WORK TO COMPLETE:
With images removed, return the whole listing exactly as written.

DATA PROVIDED:
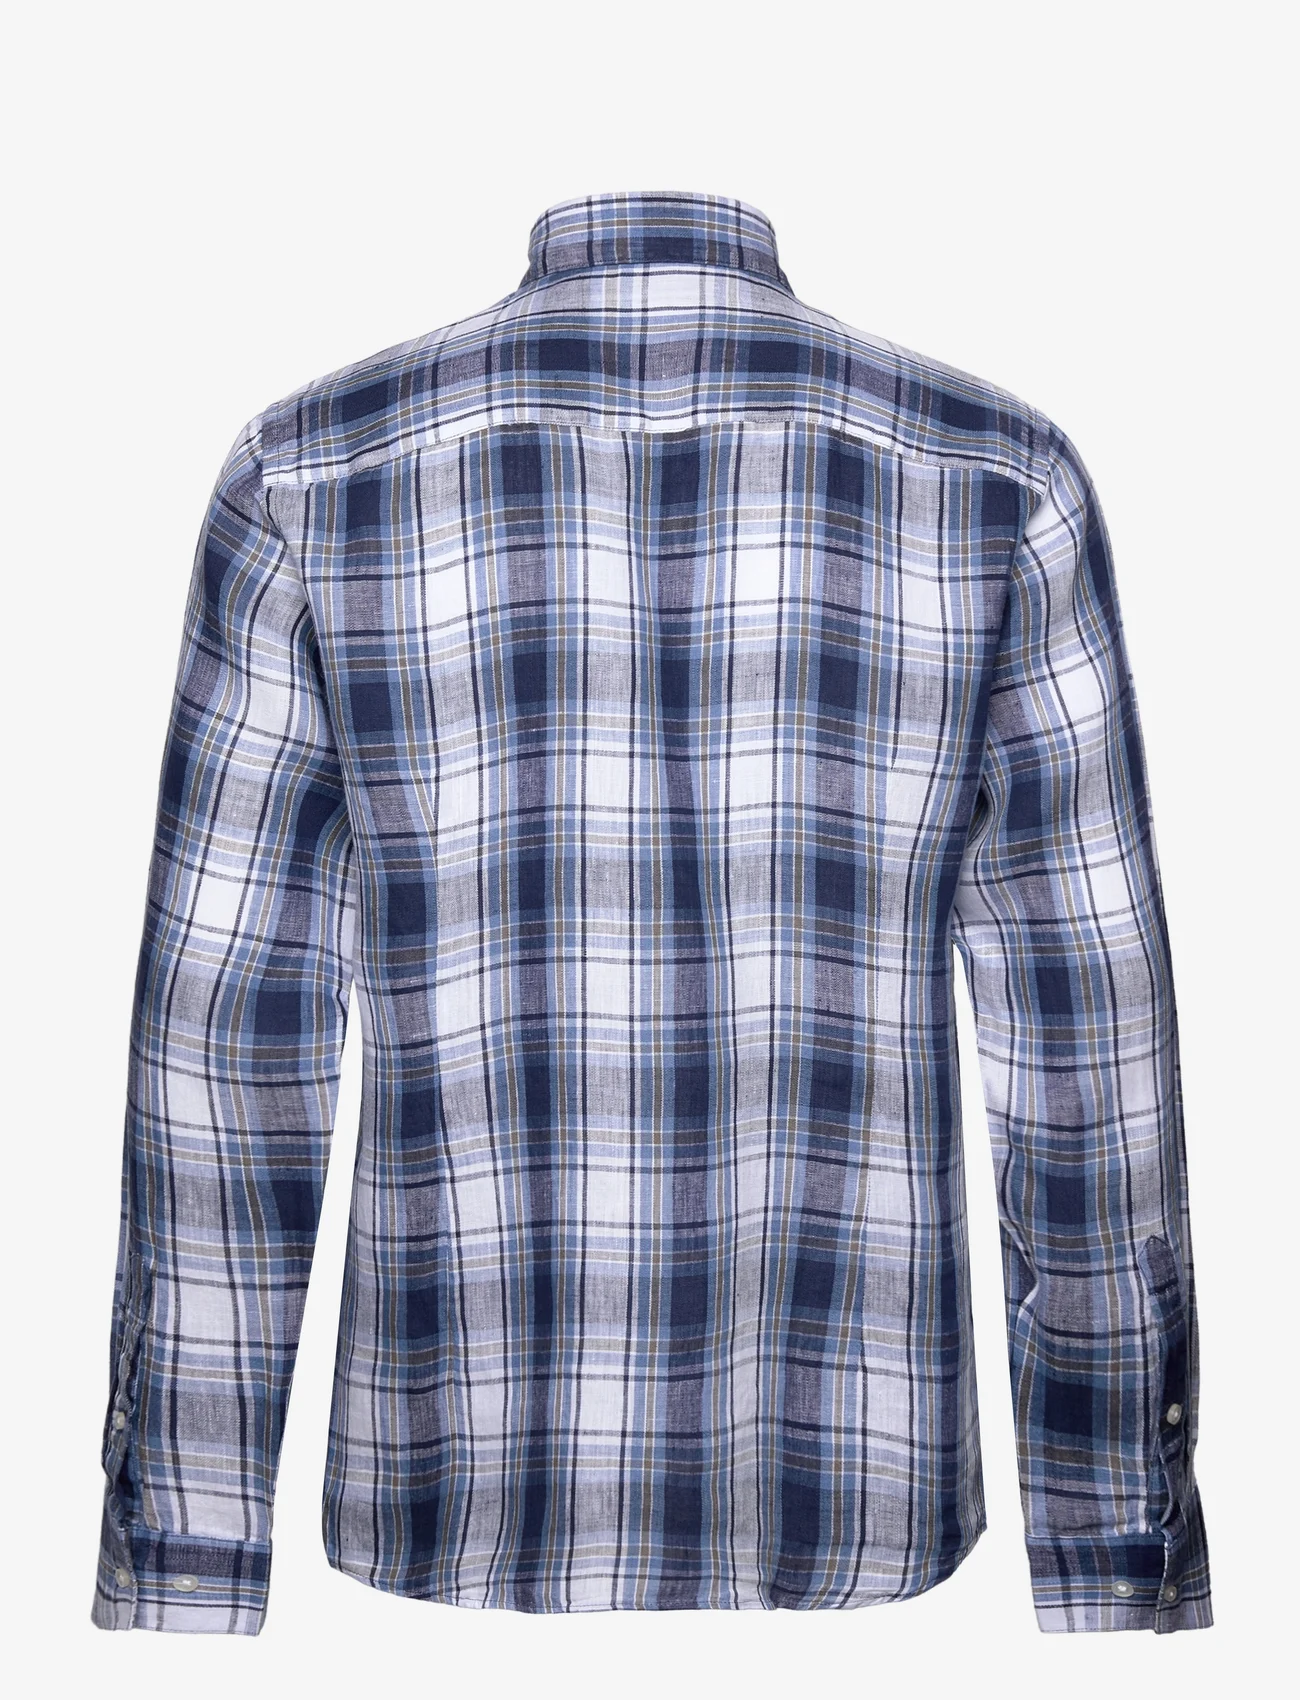 Bruun & Stengade - BS Leganés Casual Modern Fit Shirt - leinenhemden - blue - 1
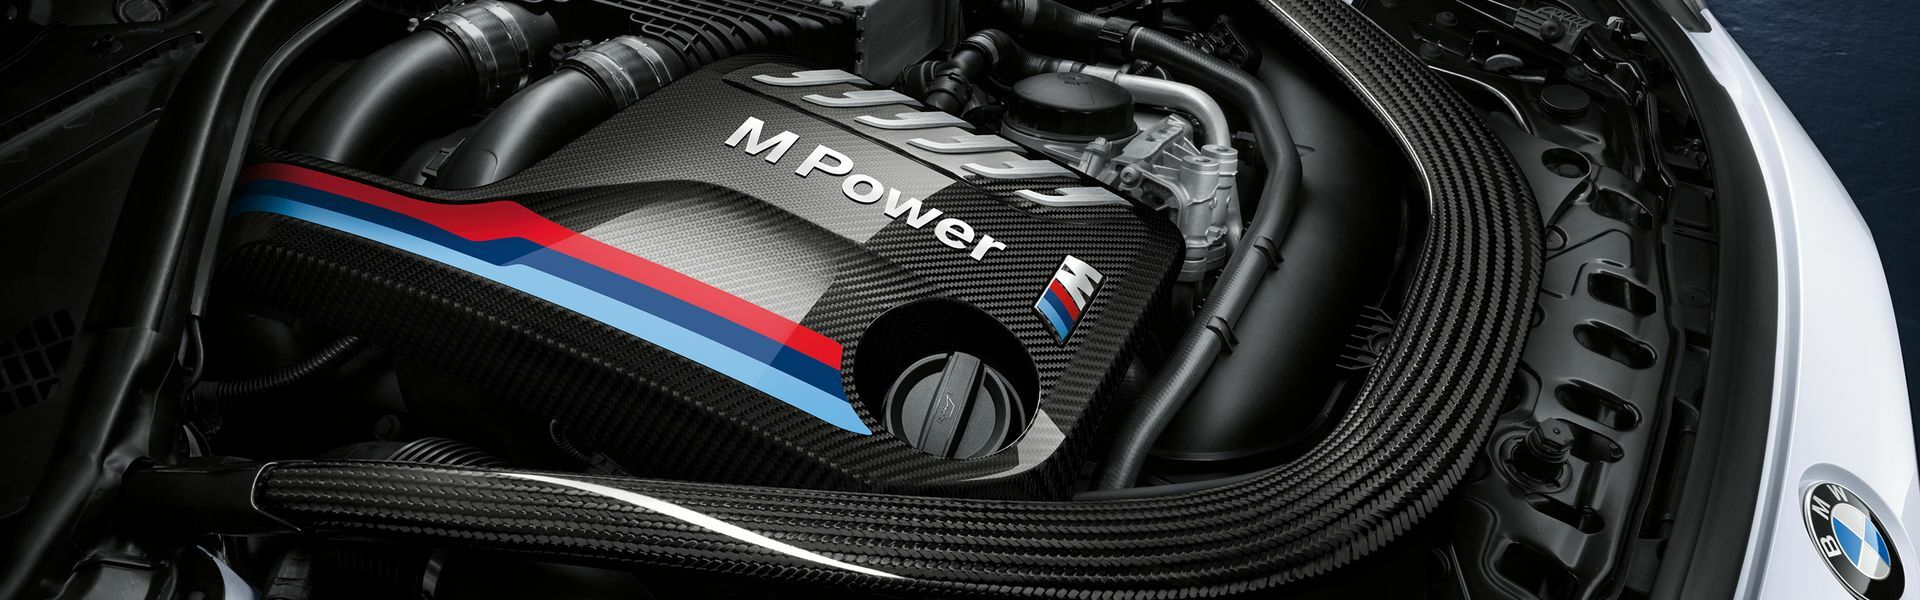 Zvýšení výkonu/ Softwarové úpravy/ Drobné performance díly pro automobil BMW X3M F97
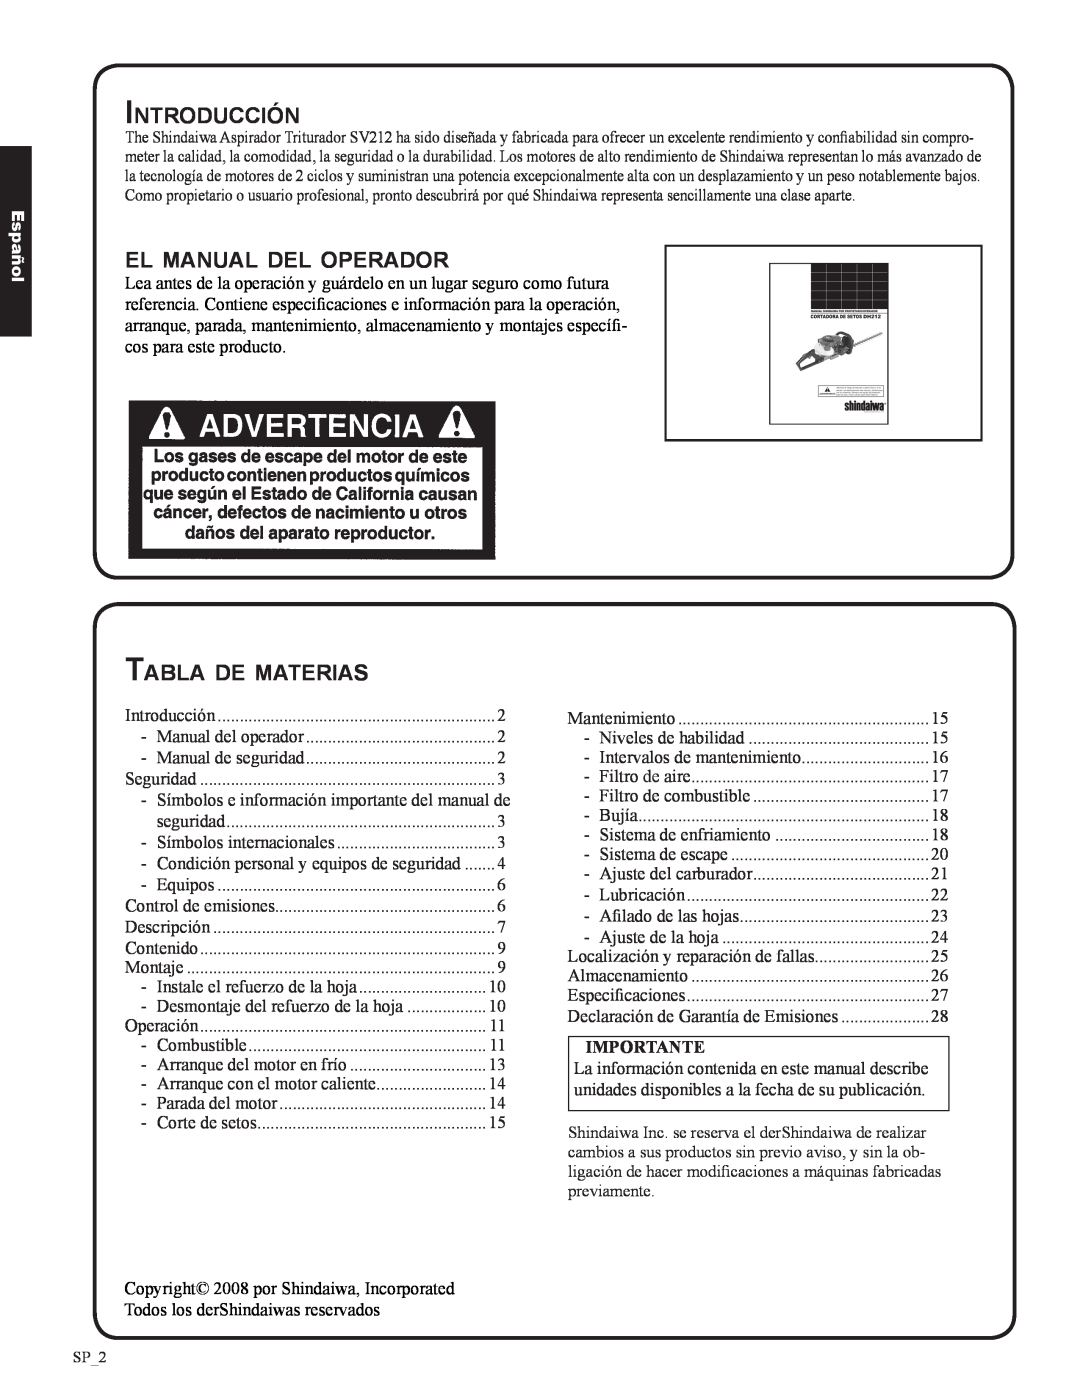 Shindaiwa DH212, 82053 Introducción, el manual del operador, Tabla de materias, Español 
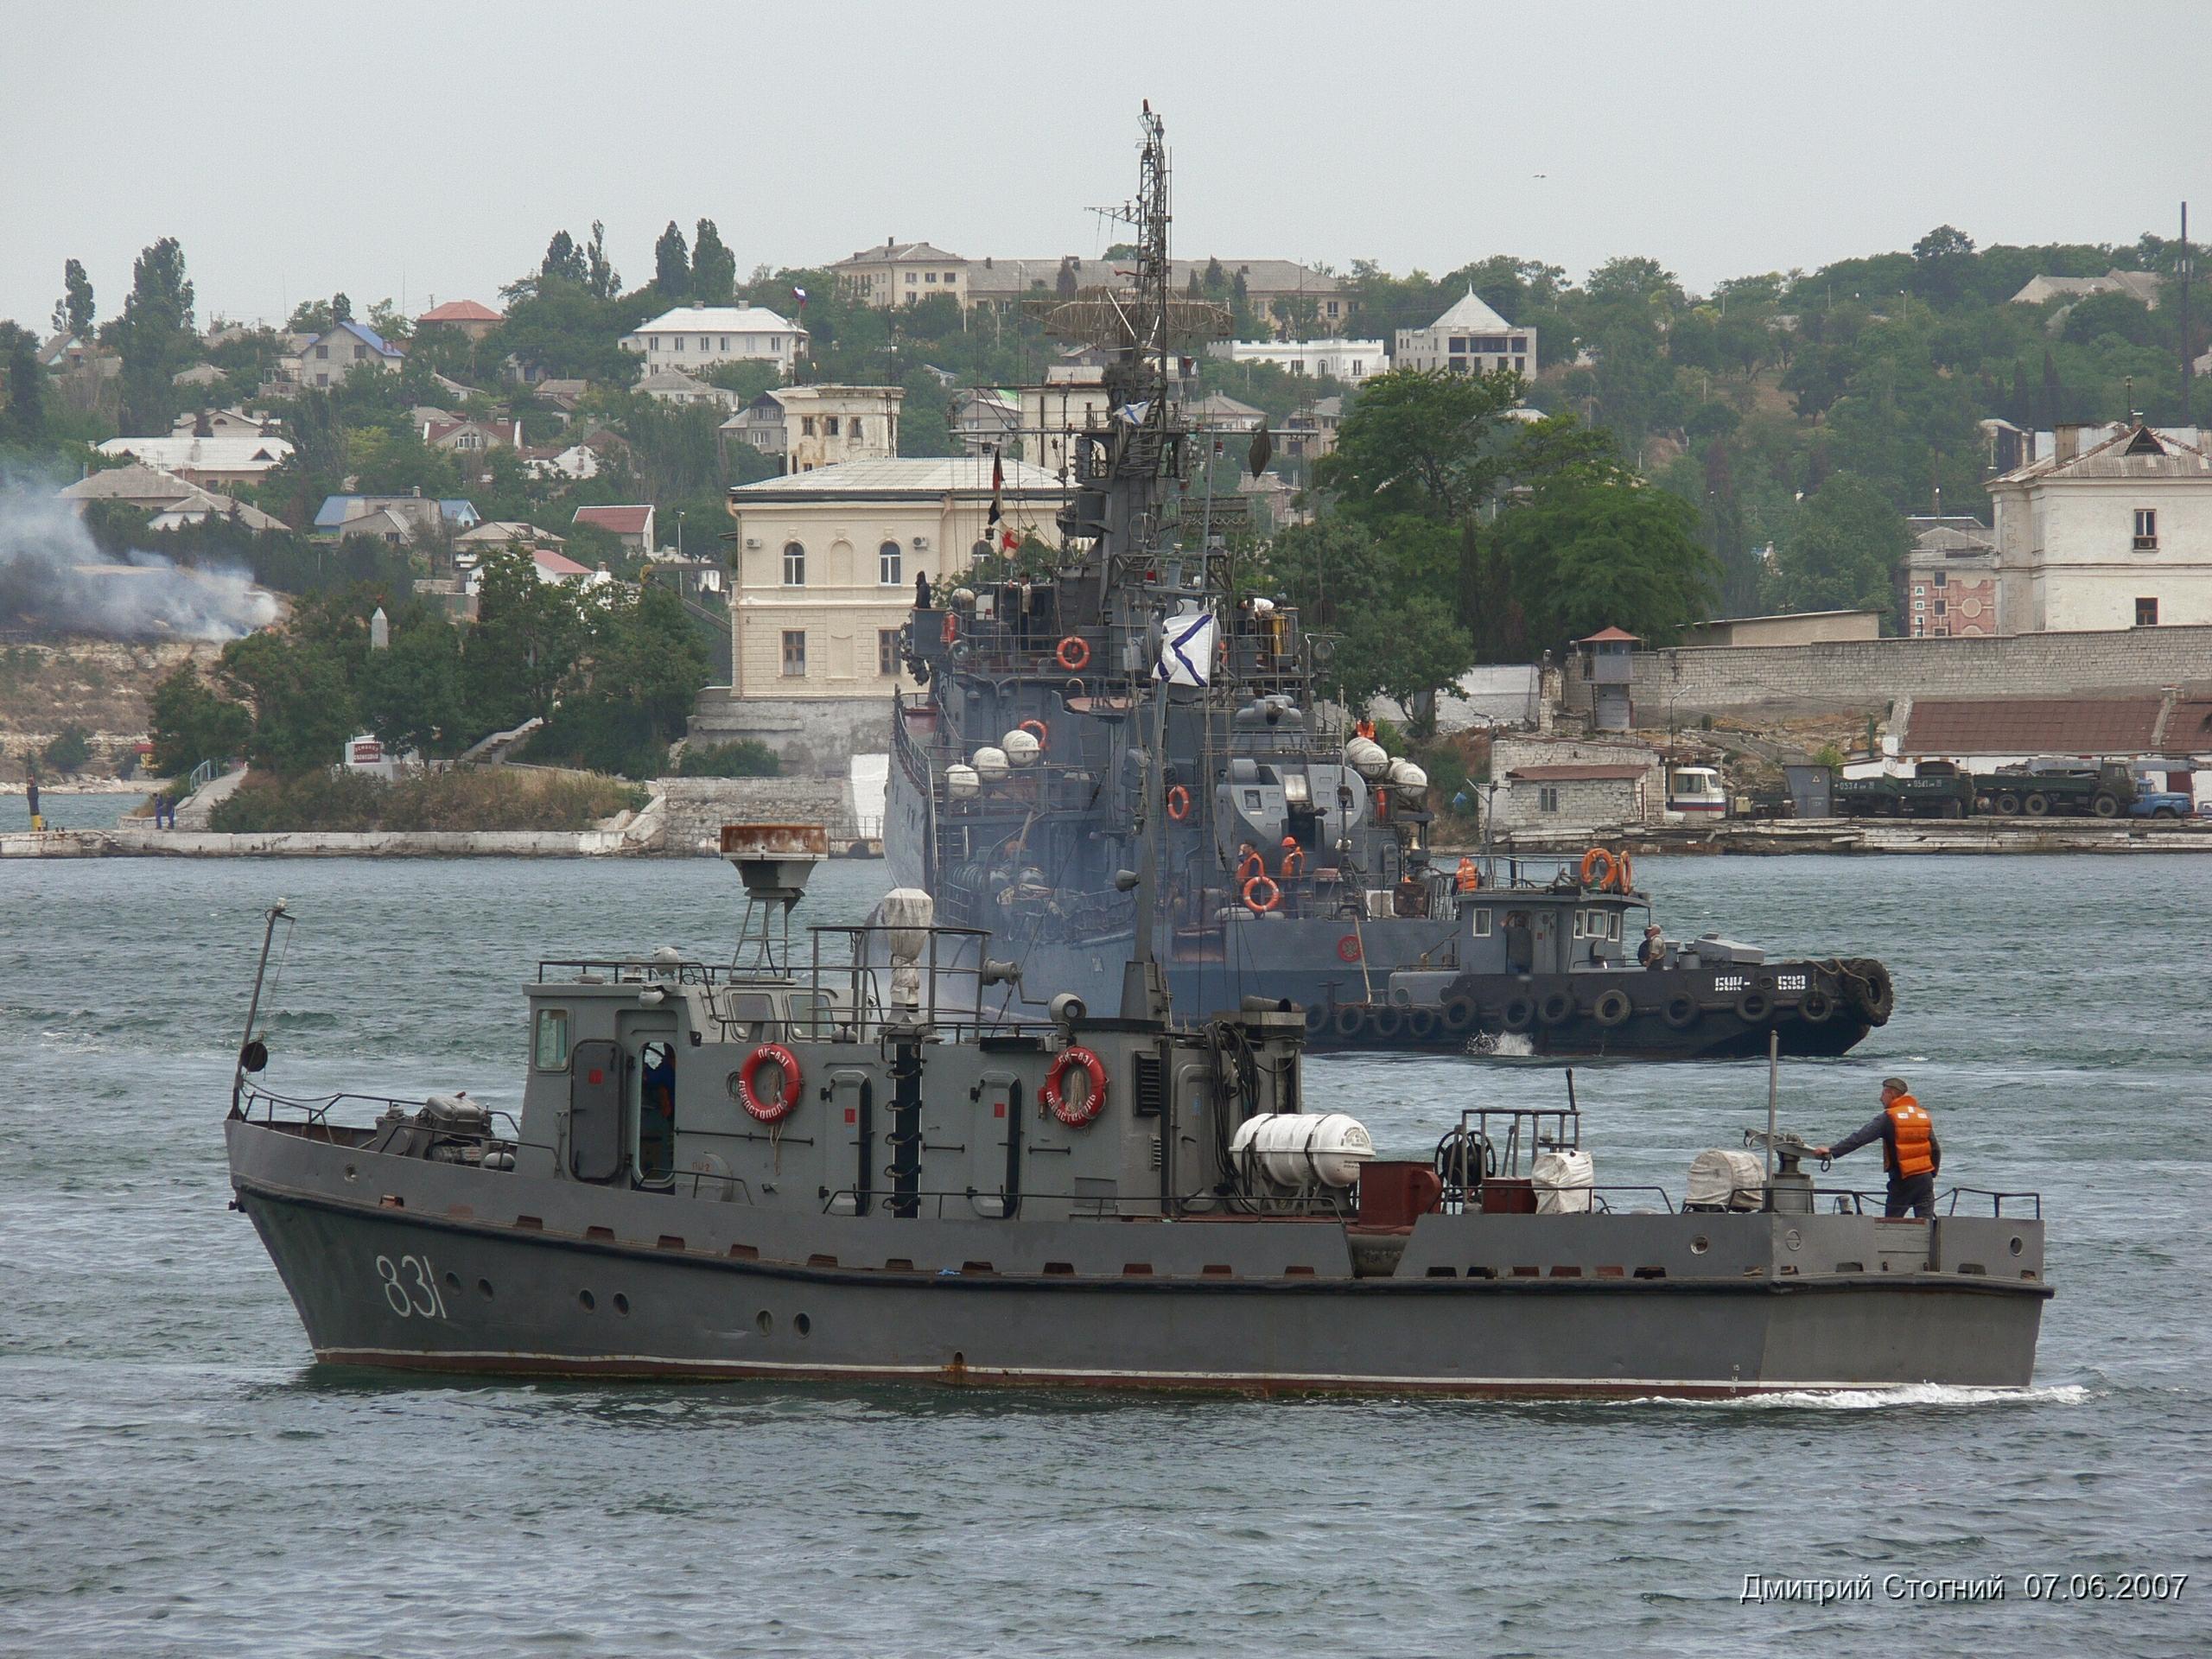 PK-831. 2007,06,07. Sevastopol.JPG

EXERCISE OUTPUT:
 Bruun & Stengade - BS Leganés Casual Modern Fit Shirt - leinenhemden - blue - 1
 Zvýšení výkonu/ Softwarové úpravy/ Drobné performance díly pro automobil BMW X3M F97
 Shindaiwa DH212, 82053 Introducción, el manual del operador, Tabla de materias, Español 
 PK-831. 2007,06,07. Sevastopol.JPG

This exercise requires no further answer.